901と呼ばれた最初期モデルは最高出力130psの水平対向6気筒空冷2.0ℓエンジンを車体後部に搭載して登場しました。当初はリアヘビーな重量バランスなどによる操縦性の難しさが指摘されるものの、のちのホイールベース延長などにより弱点を克服していき、一方で高い出力とそれを路面に確実に伝えるRRレイアウトならではのトラクション性能、ブレーキング時の圧倒的な安定性などによって、スポーツカーとしての確固たる地位を確立していきます。
のちに機械式インジェクションが採用され、1970年には排気量を2.2ℓに拡大。更に1972年には2.4ℓへと拡大していった911は、1974年には北米の安全基準を満たすためにいわゆる5マイルバンパーを採用する大変革を行ないます。

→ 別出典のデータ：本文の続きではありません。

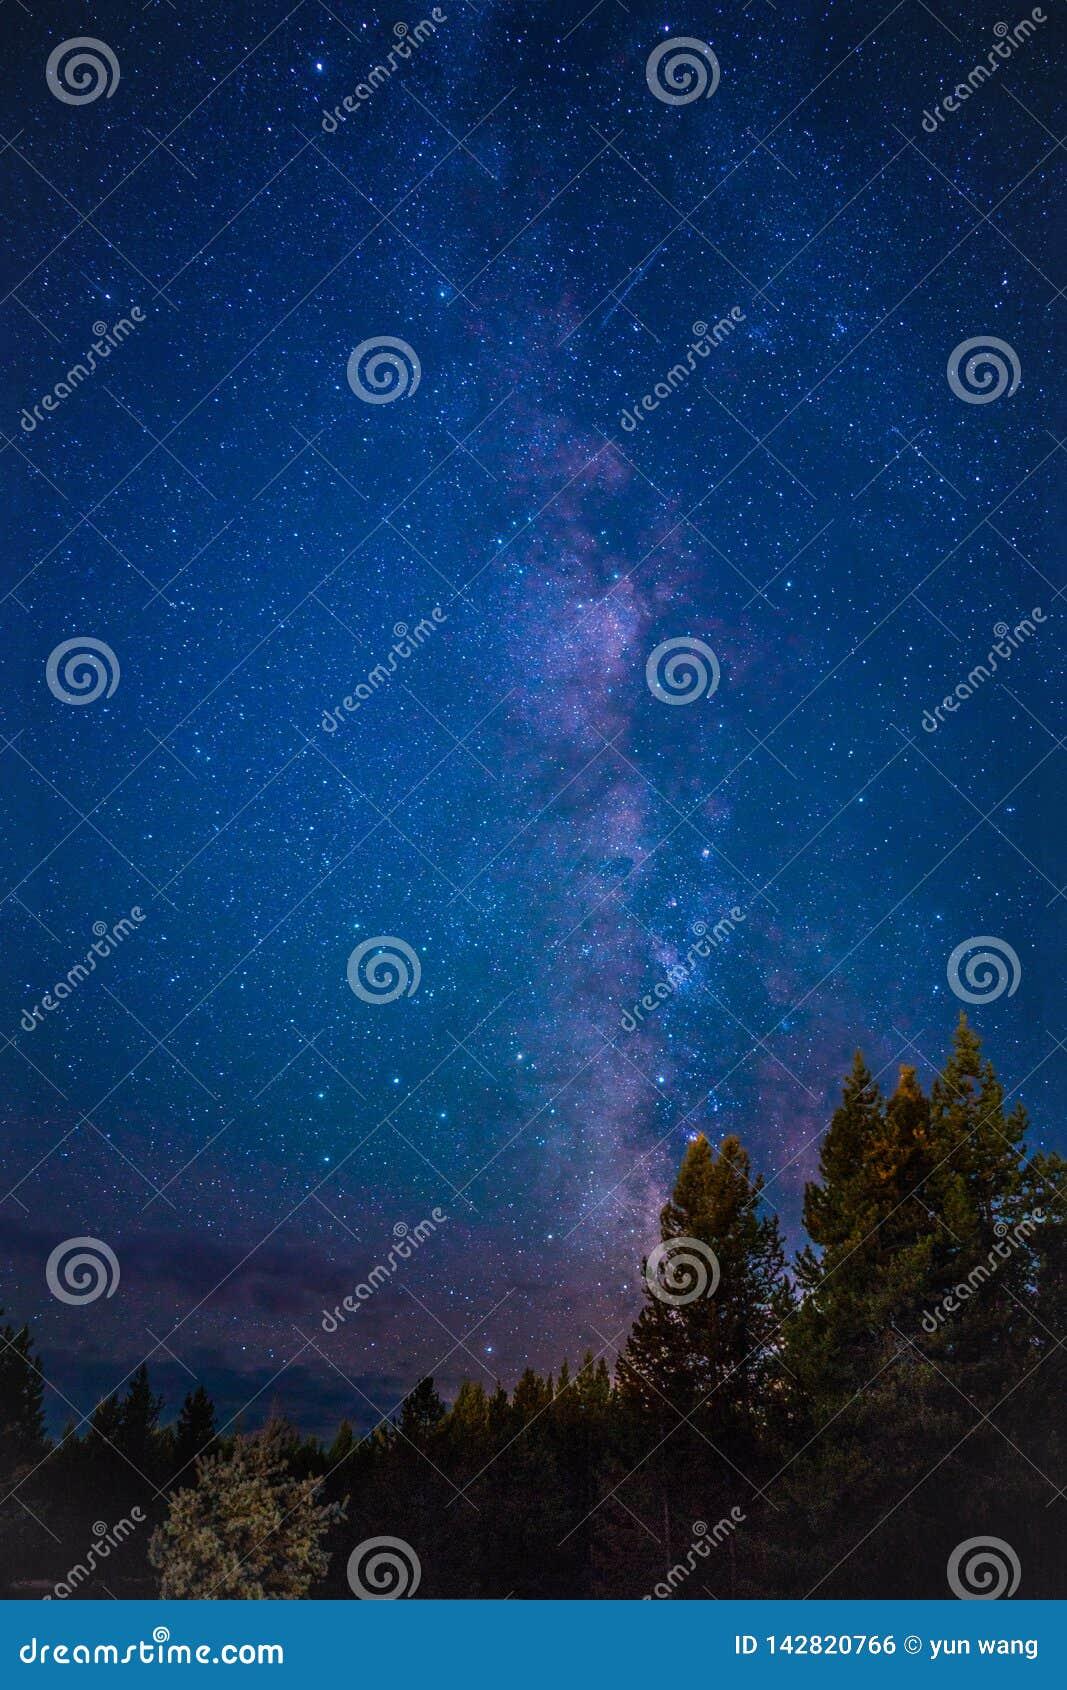 黄石国家公园RV阵营星系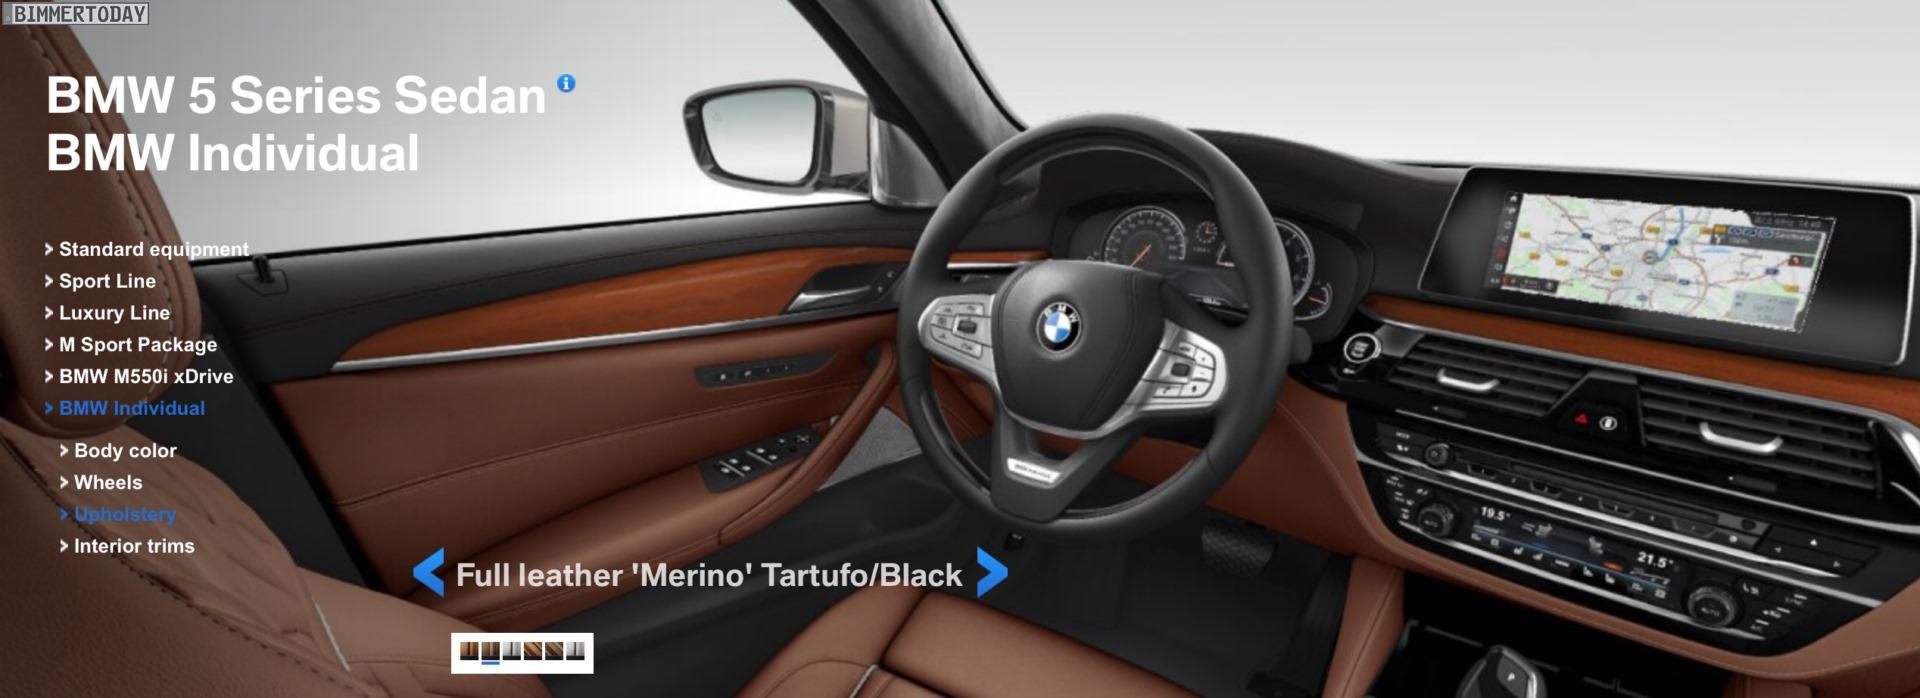 BMW 5er G30: Visualizer zeigt Farben und Ausstattungs-Lines

一般に“930”、“ビッグバンパー”と呼ばれるこのシリーズですが、実際の形式名は911のままで、930の形式名が与えられるのは1975年に登場するターボから。SCのモデル名が与えられた1977年以降は、全モデルが930型へと移行します。現在、ポルシェではこのモデルを、1974年の登場時の形式名から取った“Gシリーズ”と総称しています。
当初、2.7ℓがメインだったエンジンは、まさにそのSCで3ℓに排気量を拡大。そして1984年になると、新たに3.2ℓエンジンが与えられ「911カレラ」のモデル名が与えられます。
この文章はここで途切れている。